Юля не ошиблась. Она осторожно огляделась по сторонам и встретилась глазами со светловолосой девушкой в тельняшке. Она стояла на соседней, расположенной в квартире лоджии и вела себя странно: двадцатый этаж, а она сильно высунулась на улицу, будто находилась на первом.
– Эй! – помахала ей девушка и засмеялась.
Юля нерешительно помахала в ответ. Девушка выглядела совсем юной: гладкое личико без косметики, волна пышных волос, тонкая подростковая фигурка.
– Классный вид! – сообщила она, настроившись на беседу. – Тебе тоже нравится высота?
– Да, прикольно, – рассеянно ответила Юля.
– А ты где живешь?
– Я в гости пришла, но никого нет, – уклонилась она от ответа.
– Меня Ира зовут. Хочешь, подожди у меня. Девяносто шестая квартира. Будем вместе смотреть на город.
Уже через десять минут они обе сидели на лоджии в квартире Ирины. Там стояла высокая, почти до уровня перил скамейка, на которую они и взгромоздились.
Если бы Юля не пыталась только что спрыгнуть вниз, то она ни за что не влезла на эту скамейку. Она осторожно на нее забралась, стараясь не приближаться к краю лоджии. Ира, напротив, еще больше высунулась на улицу, демонстрируя безумную отвагу.
– А ты бы смогла шагнуть туда? – показала она рукой вдаль.
Юля сжалась – неужели эта девочка тоже собиралась покончить с собой? Получается какой-то клуб самоубийц. Только этого ей не хватало! Юля представила, как они вместе с огромной скоростью приближаются к асфальту и сразу превращаются в куски мяса – некрасивые и бессмысленные.
– Я нет, – Юля поморщилась.
– А я хочу полететь. Только не вниз, а вдаль, как летают птицы. Иногда смотрю отсюда на город, и мне кажется, что человек может летать, только не знает, что для этого нужно сделать.
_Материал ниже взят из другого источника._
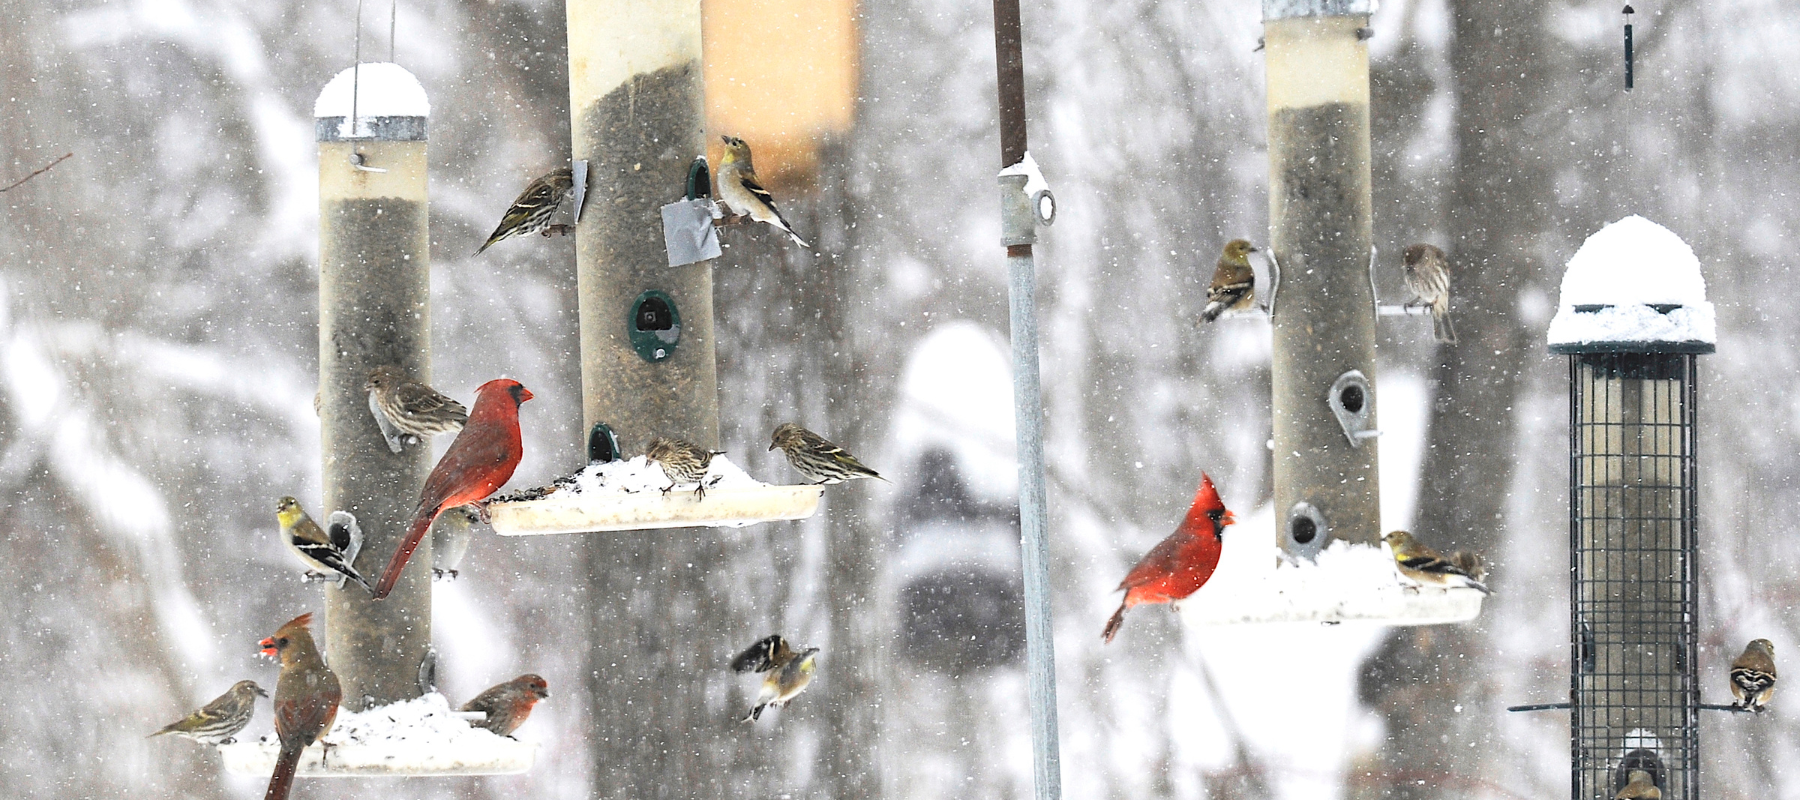 How to Attract Birds During Winter: Heated Bird Baths and More

Я про йогов читала. Достигнув просветления, они ходят по воде. А полет – это, наверное, наивысшая степень просветления, которую пока не достиг ни один йог.
Ира догуливала школьные каникулы, а ее родители отдыхали на даче. Девушка дачу не любила, поэтому предпочла остаться в городе. Она то зависала в Интернете, то гуляла, а то, как сейчас, валяла дома дурака. Одни подруги разъехались, другие гуляли с парнями, а у нее парня не было, отчего она часто скучала. Ира очень обрадовалась, когда узнала, что Юля может у нее немного пожить.
Юле у Иры нравилось: все просто, душевно и не надо ни в чем искать подвоха. Ира была искренней и восторженной, немного наивной и совсем бескорыстной. За полторы недели, что Юля у нее гостила, Ира ни разу не попросила у нее ничего купить из продуктов. Девушки питались вместе на деньги, оставленные родителями Иры. Юля не сомневалась, что если бог существует, то это он послал к ней этого белокурого ангела с детской улыбкой.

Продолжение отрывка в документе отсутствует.